В России существует характерное предубеждение — якобы политика мультикультурализма в отношении мигрантов была вызвана неким чрезмерным западным гуманизмом или либеральным благодушием. Но не нужно держать европейцев за дураков, «Европа — это континент хищников». Мультикультурализм имел вполне рационально-бюрократические основания, и ничего идеалистического или гуманистического в его основе не лежало. Хотя к общественному столу, за который были любезно усажены «господа правозащитники», блюдо multikulti подавали именно с этими приправами. Но вдумчивые наблюдатели заметили, что мультикультурализм был ничем иным, как символической компенсацией низкого социального статуса трудовых мигрантов в принимающем обществе. Этот дискурс позволял перевести социальную проблематику в моральный план, превратить социальные отношения в отношения в сфере идентичности. Если оставить уровень публичной риторики и перейти к уровню практических политических действий, то выяснится много интересных вещей. Например, истинная, а не декларируемая цель преподавания на языках страны происхождения в начальных классах — не дать детям забыть родной язык, чтобы они могли вернуться на историческую родину. Дольше всего эта практика продержалась в южных землях Германии. В Баварии и в Баден-Вюртемберге даже существовали отдельные от немецких турецкие школы — чтобы дети не чувствовали себя немцами и не захотели остаться. Вот для чего на самом деле пестовалась их турецкая идентичность. К слову, сегодня вы вряд ли найдете немецкого турка, который бы добровольно отказался от связи со своей исторической родиной, пусть даже с каждым новым поколением турок эта связь носит все более эфемерный характер. Но в этой ситуации есть еще один скрытый подтекст. В случае необходимости (которая, конечно, может и не возникнуть), группу людей, которая сознательно не отождествляет себя с принимающим обществом, подчеркивает и поддерживает свою инаковость, очень легко вывести за скобки принимающего общества. Необходимости «резать по живому» не возникнет. Просто имейте это в виду.
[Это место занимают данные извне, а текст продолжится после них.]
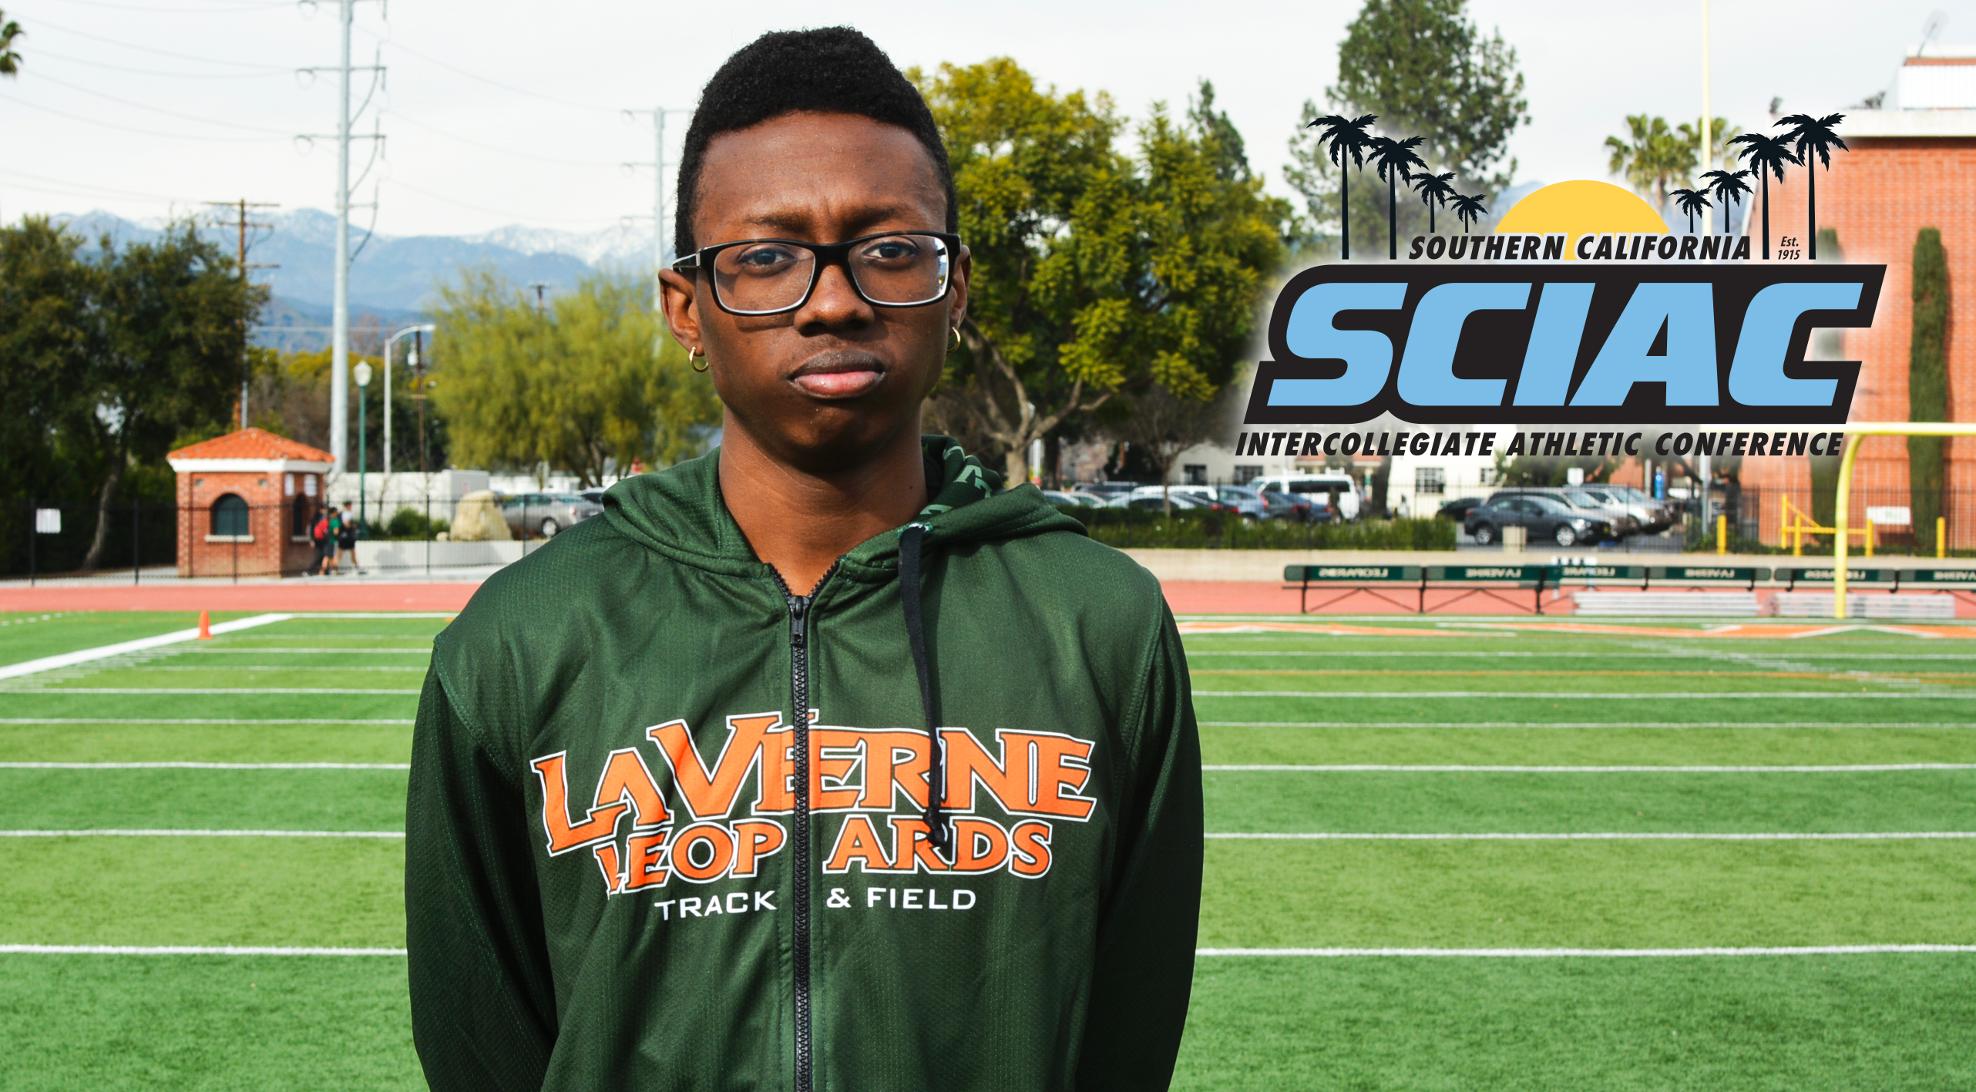 Francis named SCIAC Male Athlete of the Week

В обычной ситуации государства всегда старались нивелировать различия между гражданами. В особенности это касалось культурно-правового поля. Собственно, одним из определяющих свойств государства является универсальность правоприменительной практики ко всем жителям на всей территории страны. В случае же мультикультурализма государство намеренно институализирует различия вновь прибывшего населения. Кроме того, государство обращается с мигрантами не как с индивидами, а как с коллективами — «меньшинствами», «этническими группами». Эти сообщества становятся объектами поддержки и спонсирования. Это значит, что человек может в суде заявить, что нарушены его права не как индивида, а как представителя этнического (расового) меньшинства. Справедливости ради стоит отметить, что реальную политику мультикультурализма в Европе проводили всего три страны. Всерьез по пути спонсирования меньшинств и выделения меньшинств в качестве объектов поддержки пошли Нидерланды, Швеция, и, с оговорками, Великобритания. Во всех остальных странах Европы мультикультурализм носил символический характер. Шведский мультикультурализм возник в середине 70-х и дожил до конца 90-х. Он обязан своим возникновением десятилетиям власти социал-демократов, построивших корпоративистский(4) и патерналистский(5) политический режим. В 1975 году был принят закон о поддержке меньшинств. «Меньшинство» по этому закону — это любая культурно отличная группа числом более тысячи человек с правом на образование на родном языке, на отдельные программы на телевидении и радио, на издание газет и журналов, на проведение культурных мероприятий. Все это, разумеется, оплачивалось государством. Специфика голландского случая заключалась в том, что Нидерланды — это бывшая империя. После провозглашения независимости Индонезии, Суринама и Антильских островов значительный иммиграционный поток с этих территорий направился именно в бывшую метрополию. Для выходцев из бывших колоний существовали особые правила предоставления гражданства, которые отличались от прав для представителей других этнических меньшинств, приехавших в страну в те же годы в соответствии с соглашениями о найме рабочей силы, заключенными со странами Южной Европы, Турцией и Марокко.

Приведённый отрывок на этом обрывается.